This text is designed to introduce the reader to the essential concepts of sustainability. This subject is of vital importance – seeking as it does to uncover the principles of the long-term welfare of all the peoples of the planet – but is only peripherally served by existing college textbooks.
The content is intended to be useful for both a broad-based introductory class on sustainability and as a useful supplement to specialist courses which wish to review the sustainability dimensions of their areas of study. By covering a wide range of topics with a uniformity of style, and by including glossaries, review questions, case studies, and links to further resources, the text has sufficient range to perform as the core resource for a semester course.

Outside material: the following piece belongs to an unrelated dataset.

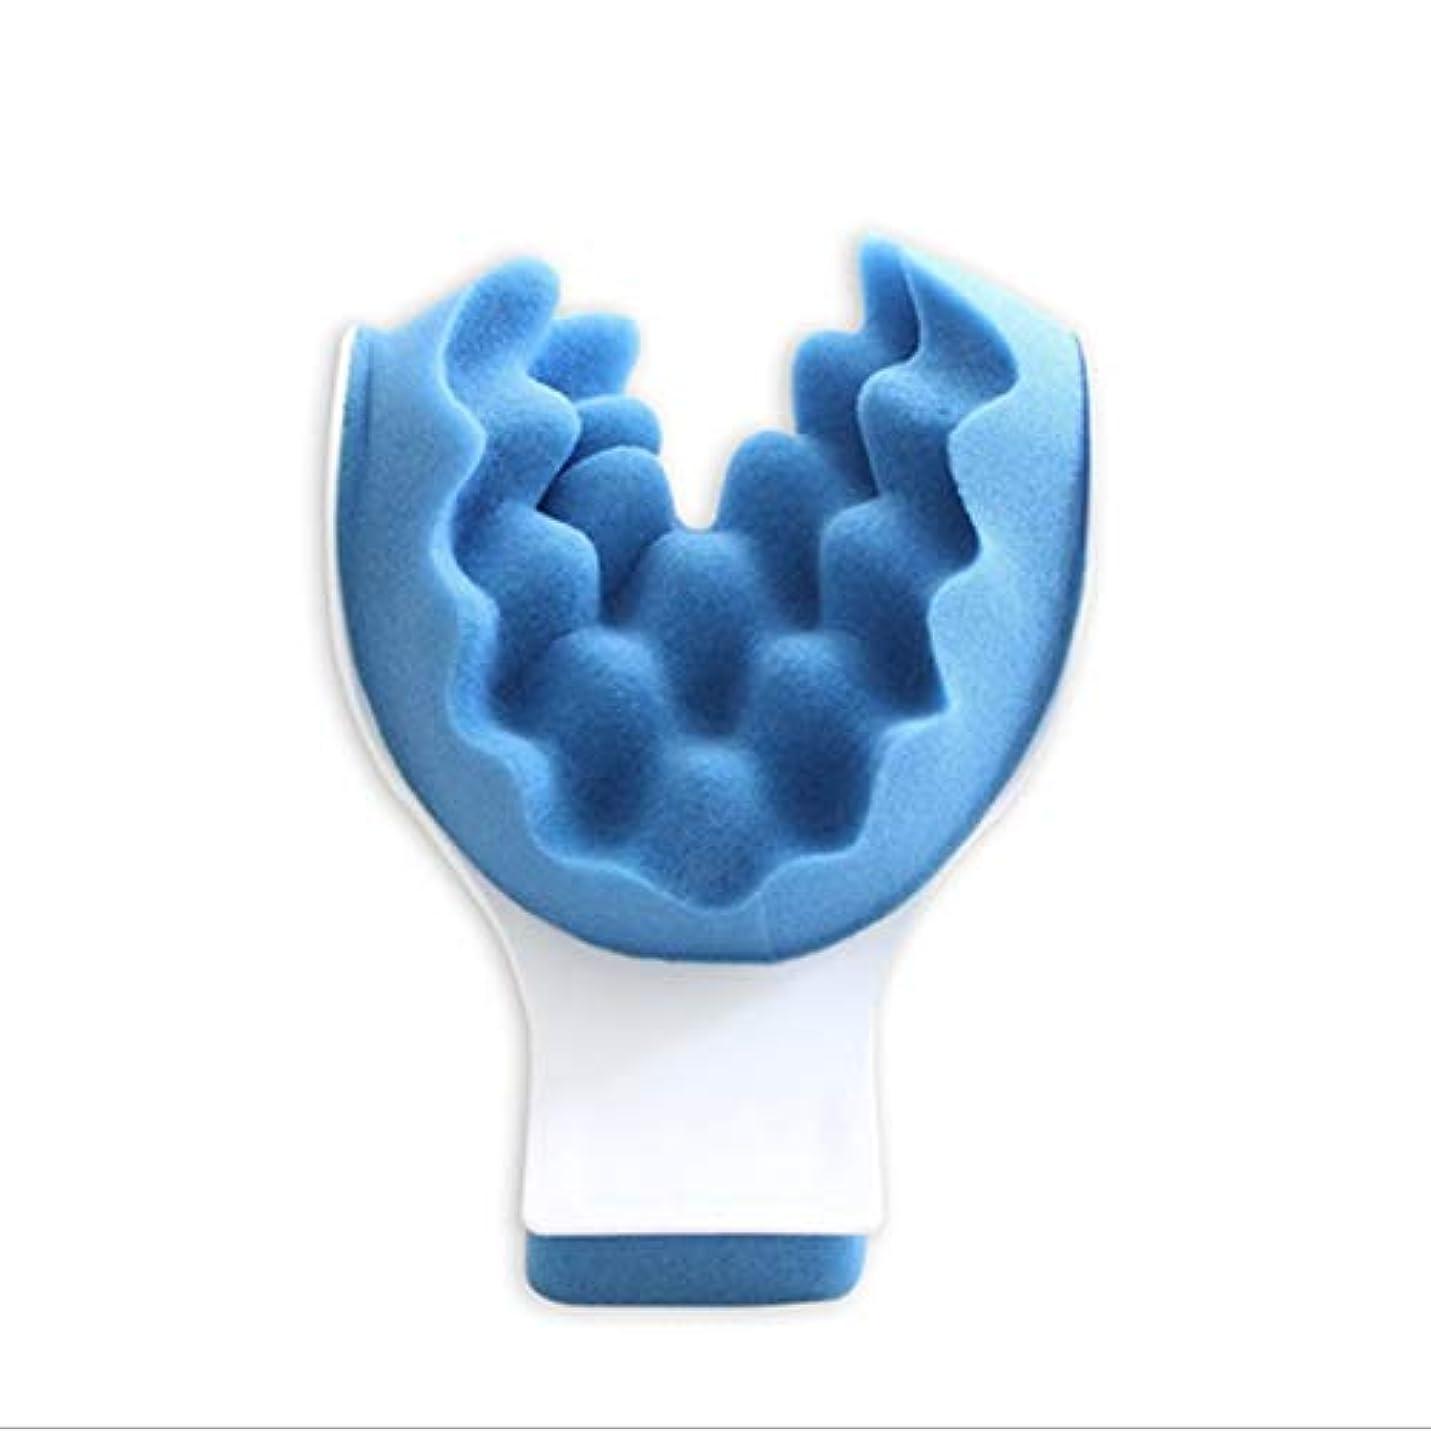 カートリッジ受けるキラウエア山マッスルテンションリリーフタイトネスと痛みの緩和セラピーティックネックサポートテンションリリーフネック&ショルダーリラクサー - ブルー

Students who cover the material in the book will be conversant in the language and concepts of sustainability, and will be equipped for further study in sustainable planning, policy, economics, climate, ecology, infrastructure, and more.
Furthermore, the modular design allows individual chapters and sections to be easily appropriated – without the purchase of a whole new text. This allows educators to easily bring sustainability concepts, references, and case studies into their area of study.
This appropriation works particularly well as the text is free – downloadable to anyone who wishes to use it. Furthermore, readers are encouraged to work with the text. Provided there is attribution to the source, users can adapt, add to, revise and republish the text to meet their own needs.
Because sustainability is a cross-disciplinary field of study, producing this text has required the bringing together over twenty experts from a variety of fields. This enables us to cover all of the foundational components of sustainability: understanding our motivations requires the humanities, measuring the challenges of sustainability requires knowledge of the sciences (both natural and social), and building solutions requires technical insight into systems (such as provided by engineering, planning, and management).
Readers accustomed to textbooks that present material in a unitary voice might be surprised to find in this one statements that do not always agree. Here, for example, cautious claims about climate change stand beside sweeping pronouncements predicting future social upheaval engendered by a warming world. And a chapter that includes market-based solutions to environmental problems coexists with others that call for increased government control. Such diversity of thought characterizes many of the fields of inquiry represented in the book; by including it, we invite users to engage in the sort of critical thinking a serious study of sustainability requires.
It is our sincerest hope that this work is shared freely and widely, as we all struggle to understand and solve the enormous environmental challenges of our time.